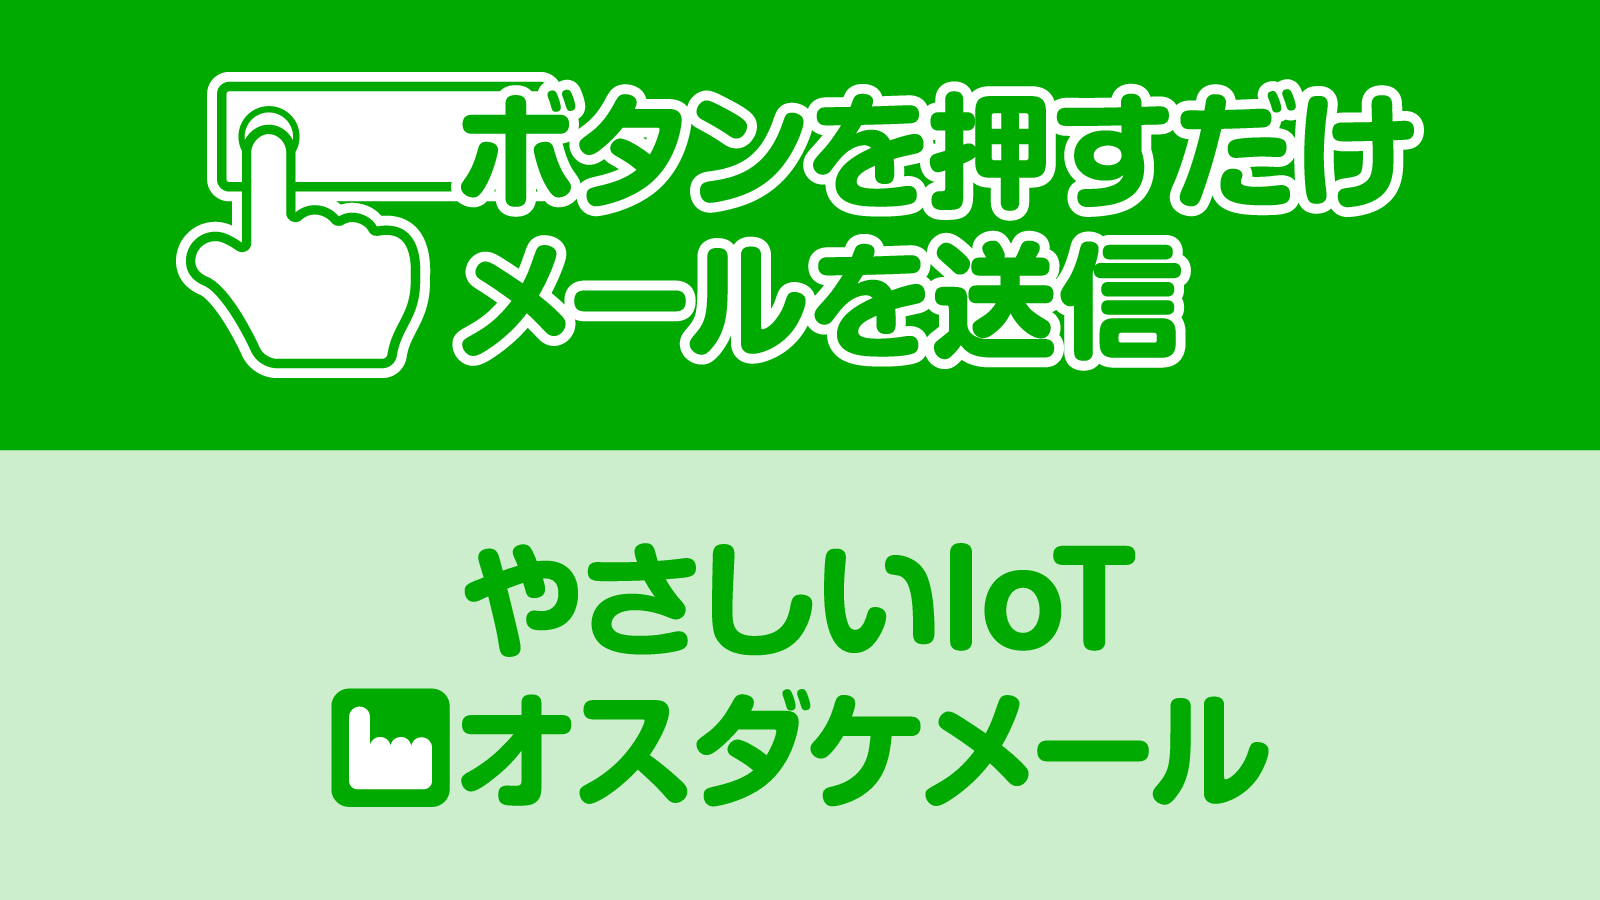 鉄 バス 表 地 時刻 十和田観光電鉄 乗合時刻表
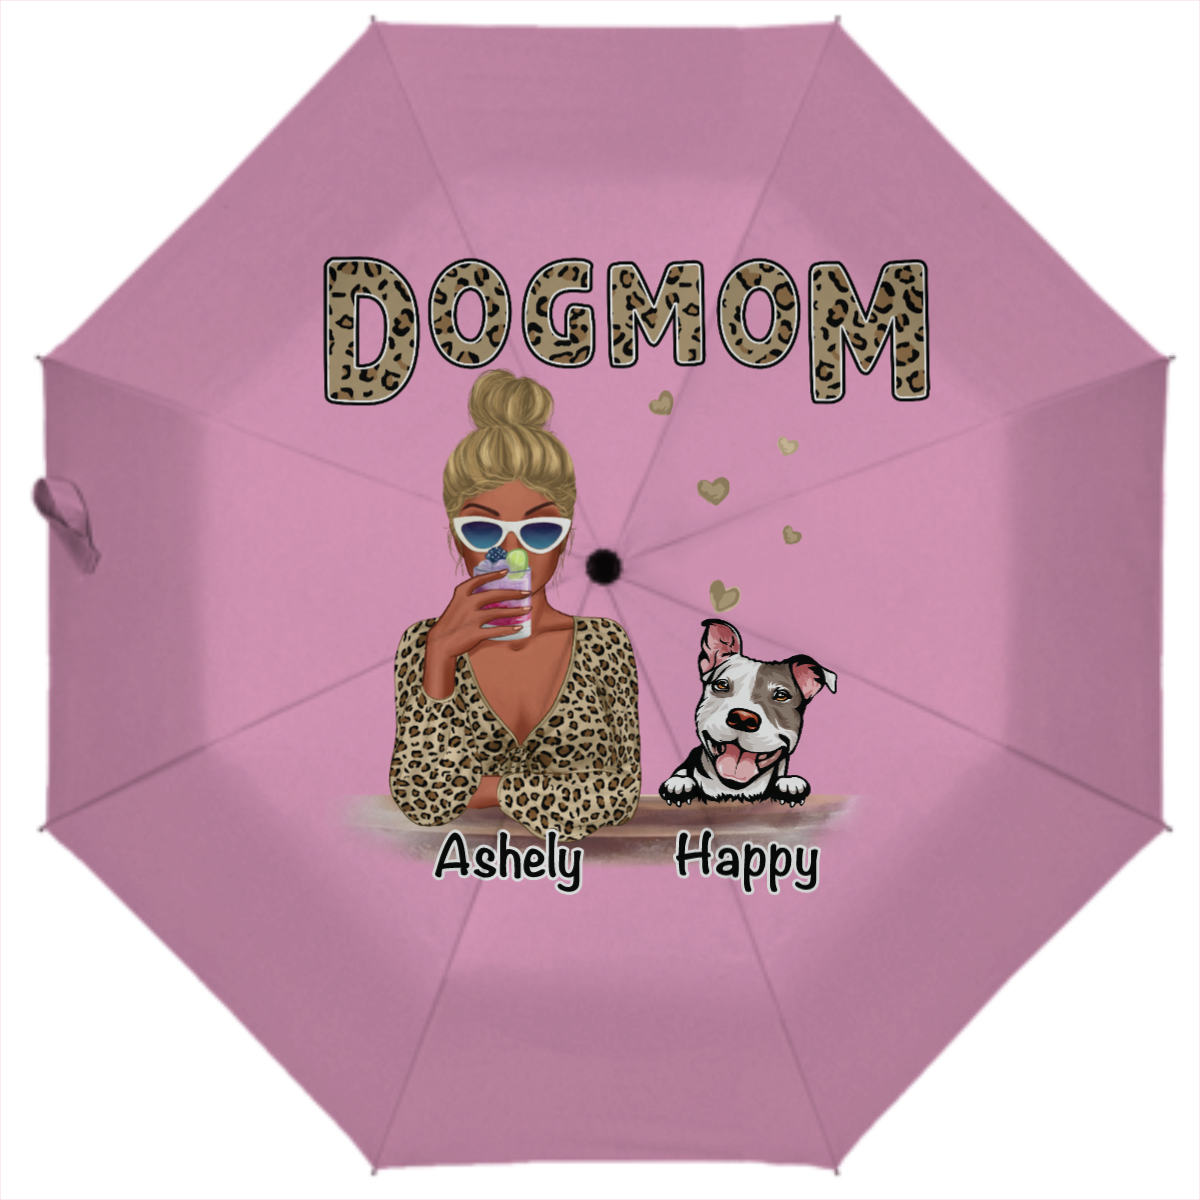 レオパード シャツ 犬 ママ パーソナライズ 自動折りたたみ傘
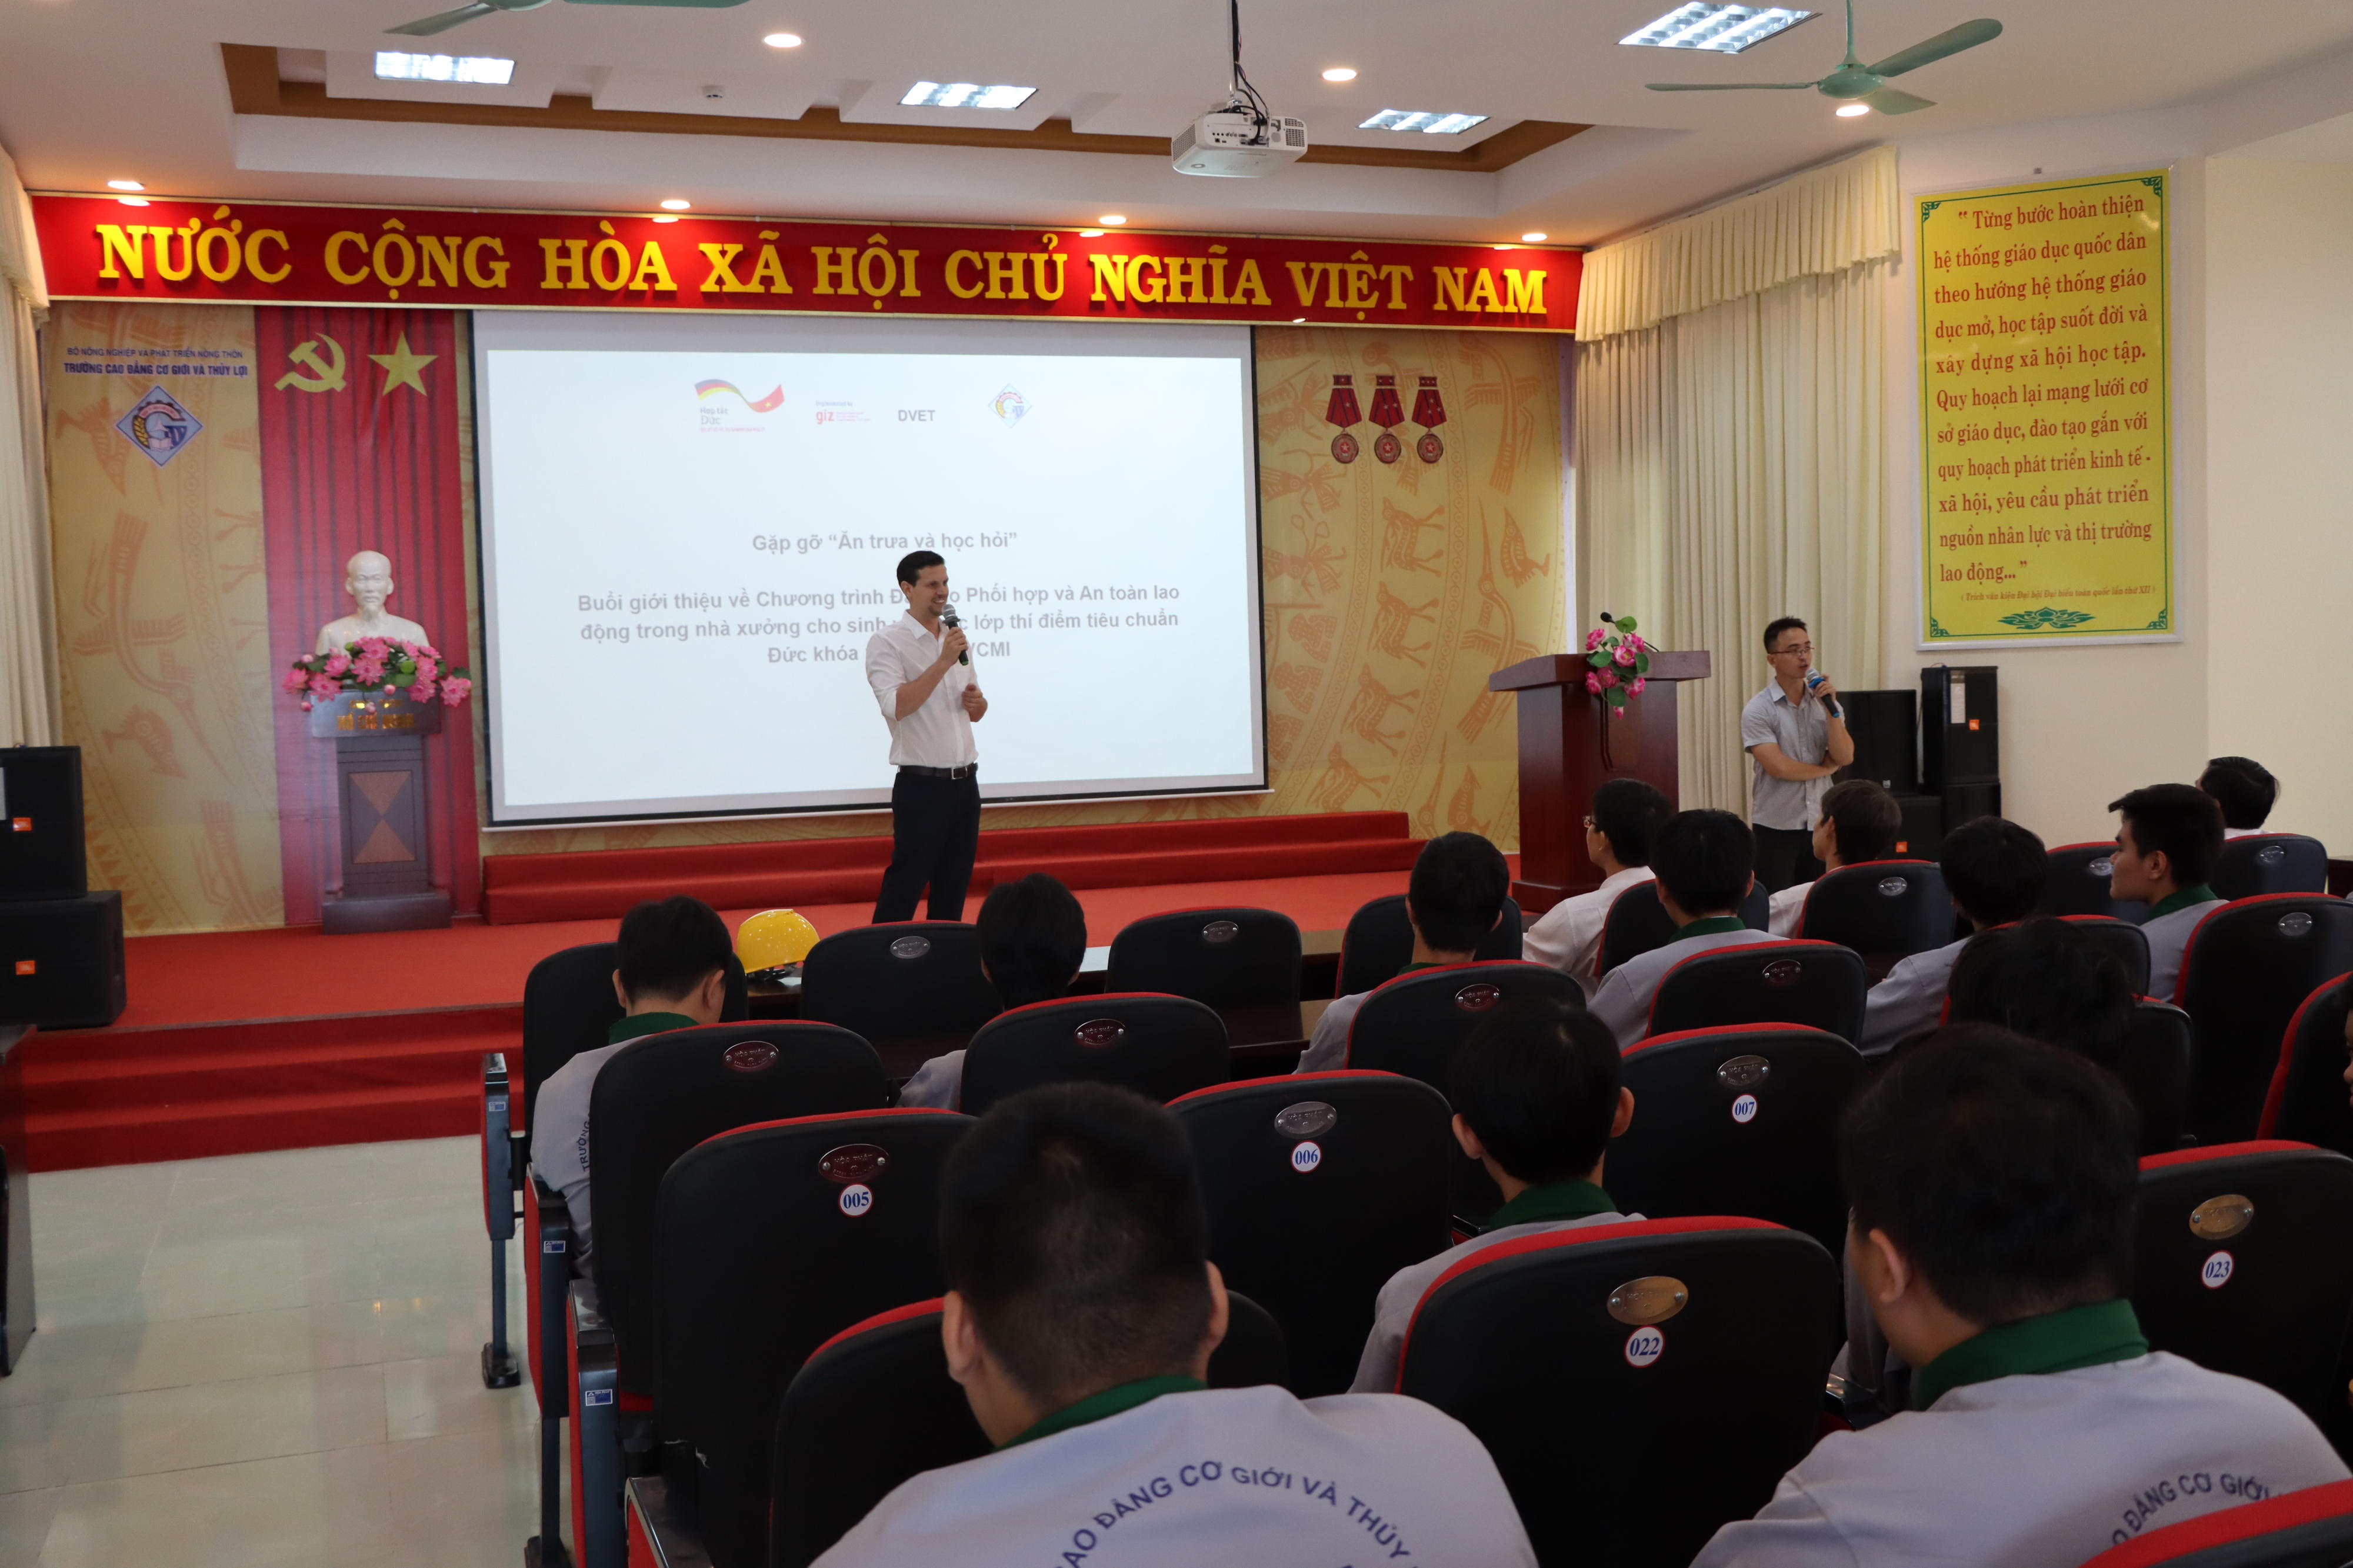 Arbeitssicherheitsunterweisung durch Ruben Ziehler für alle Schüler der GIZ-Klassen, 2021, Provinz Dong Nai, Vietnam
____
Problem details:
Write out the data above precisely. Pictures stay out.

Written answer:
 鉄 バス 表 地 時刻 十和田観光電鉄 乗合時刻表
 レオパード シャツ 犬 ママ パーソナライズ 自動折りたたみ傘
 Arbeitssicherheitsunterweisung durch Ruben Ziehler für alle Schüler der GIZ-Klassen, 2021, Provinz Dong Nai, Vietnam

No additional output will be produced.